On being brought from police custody to the A&E with spiking blood pressure, Mr Linehan said: “The doctors suggested the high blood pressure was stress-related, combined with long-haul travel and lack of movement. I feel it may also have been a contributing factor that I have now spent eight years being targeted by trans activists working in tandem with police in a dedicated, persistent harassment campaign because I refuse to believe that lesbians have cocks.”
“I looked at the single bail condition: I am not to go on Twitter. That’s it. No threats, no speeches about the seriousness of my crimes—just a legal gag order designed to shut me up while I’m the UK, and a demand I face a further interview in October,” he added.

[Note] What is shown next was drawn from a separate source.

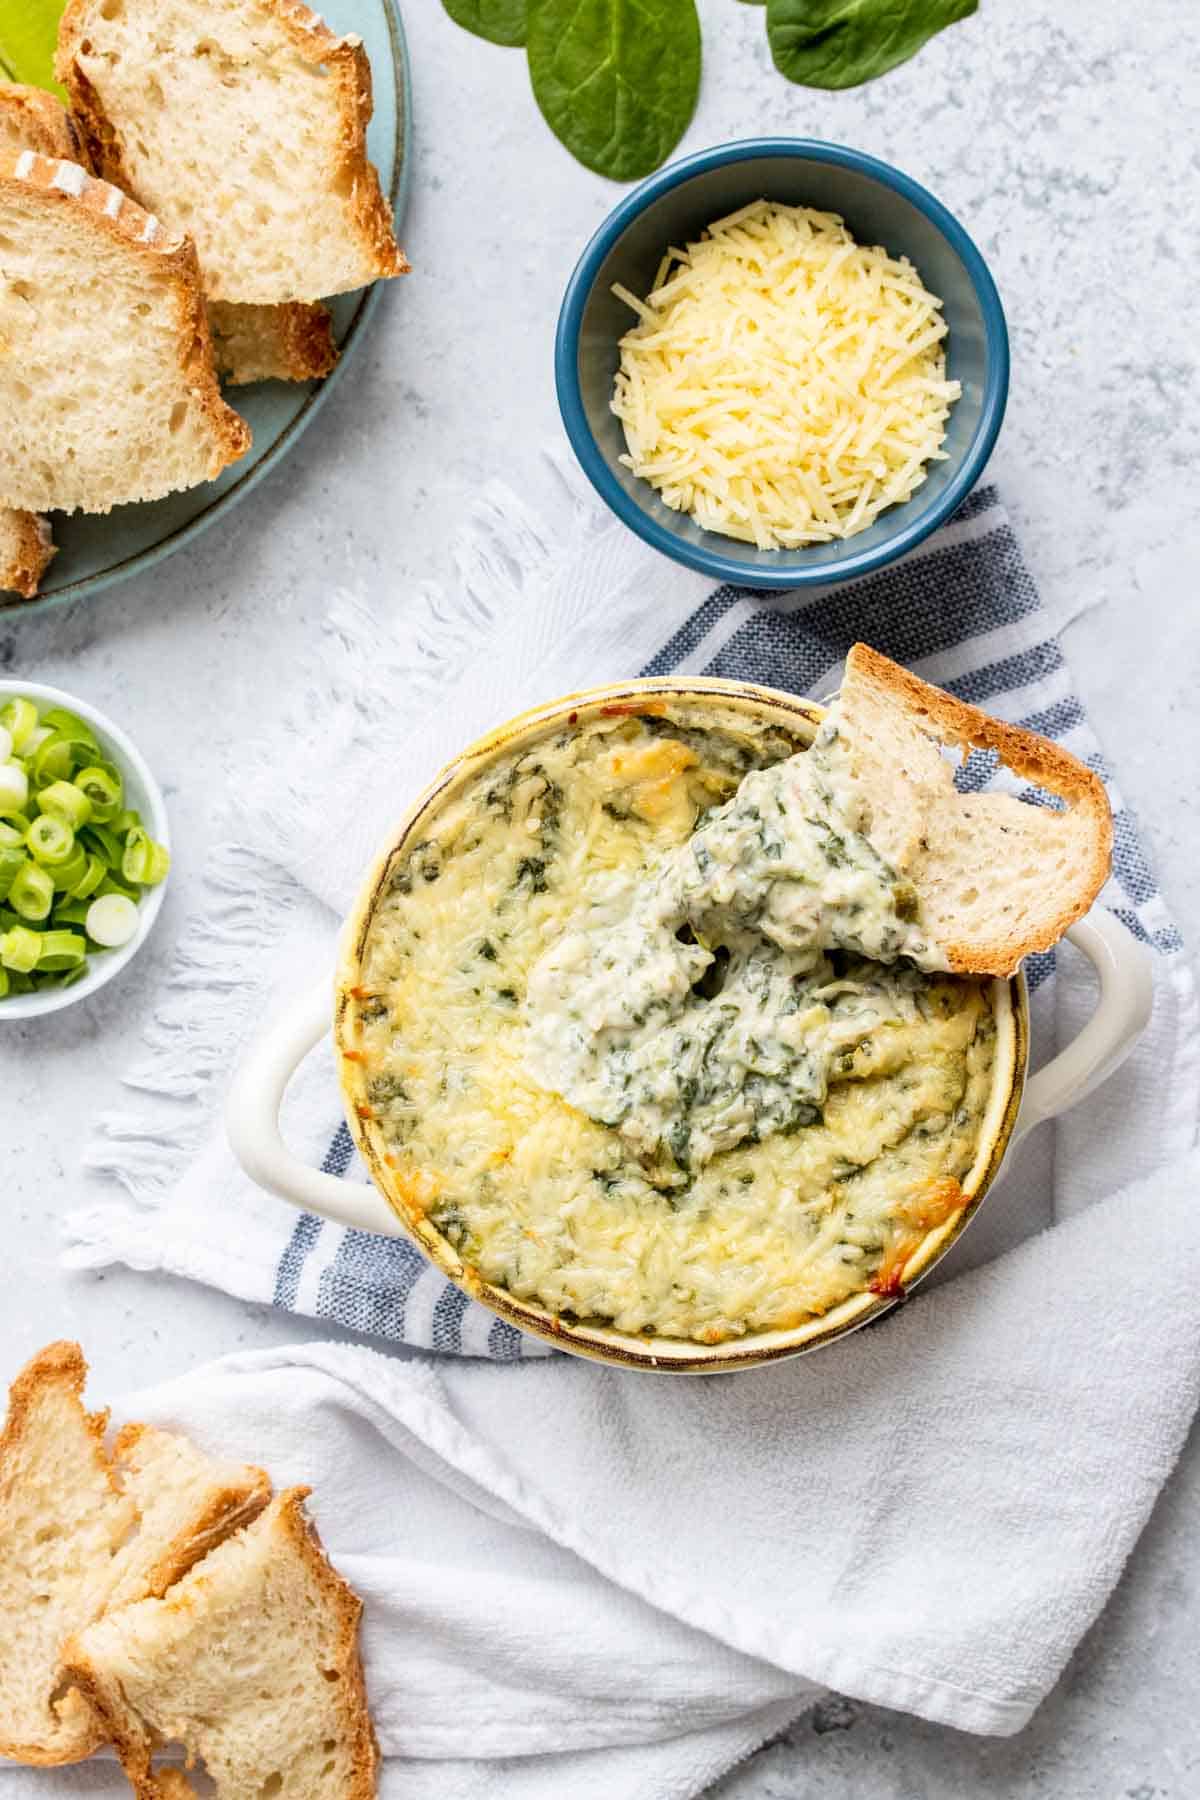 Top view of a bowl of baked spinach dip with a dipped piece of bread sitting on the edge next to a bowl of Parmesan
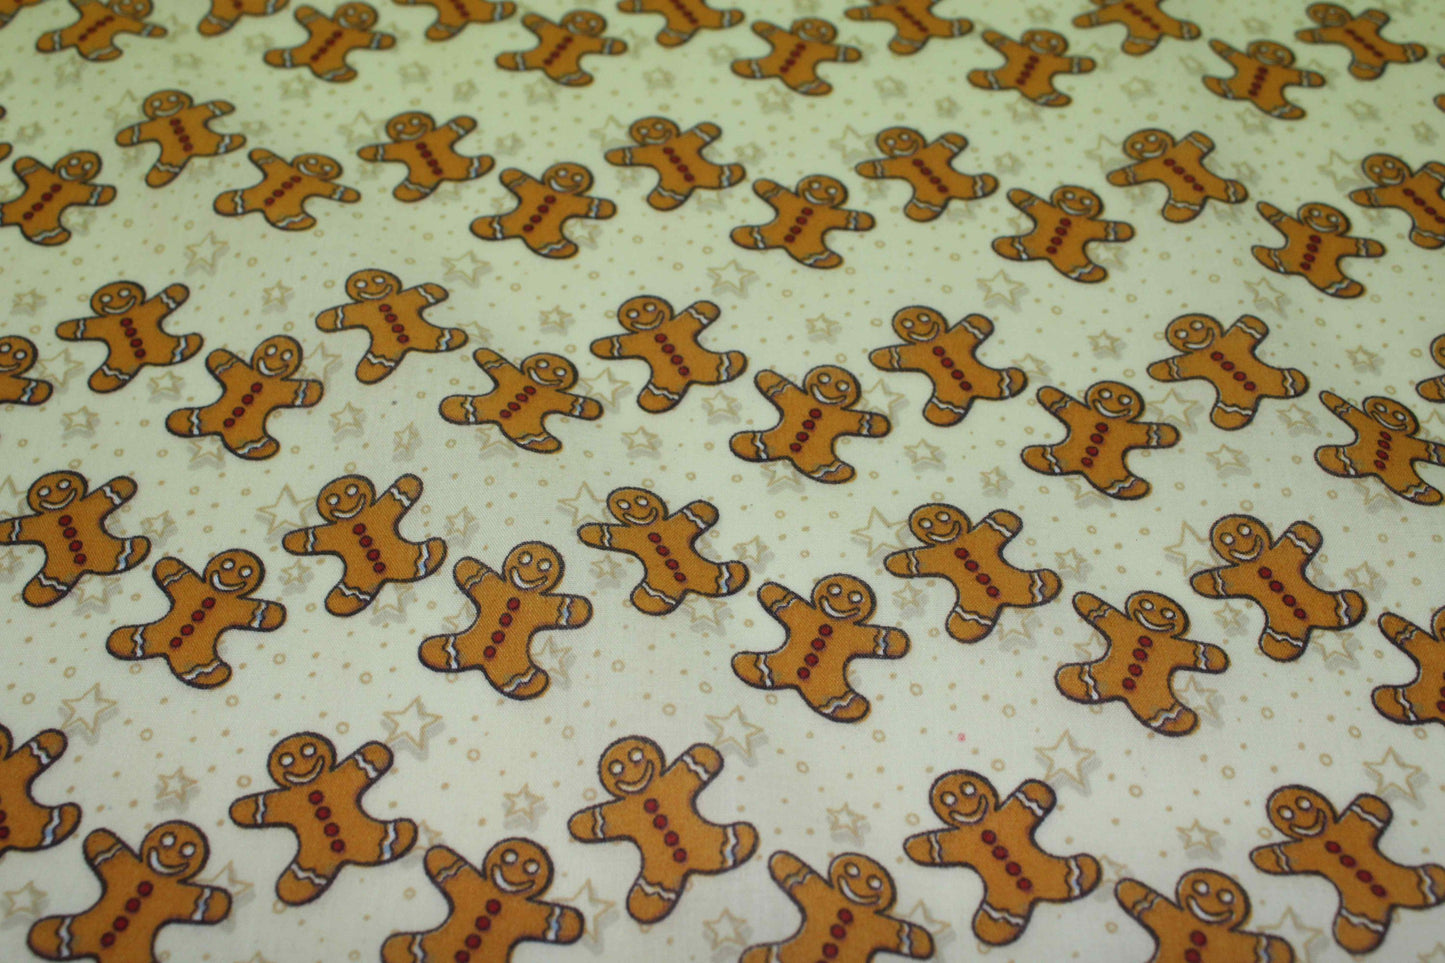 image of gingerbread men on yellow background fabric

“I was arrested at an airport like a terrorist, locked in a cell like a criminal, taken to hospital because the stress nearly killed me, and banned from speaking online—all because I made jokes that upset some psychotic crossdressers. To me, this proves one thing beyond doubt: the UK has become a country that is hostile to freedom of speech, hostile to women, and far too accommodating to the demands of violent, entitled, abusive men who have turned the police into their personal goon squad,” he wrote.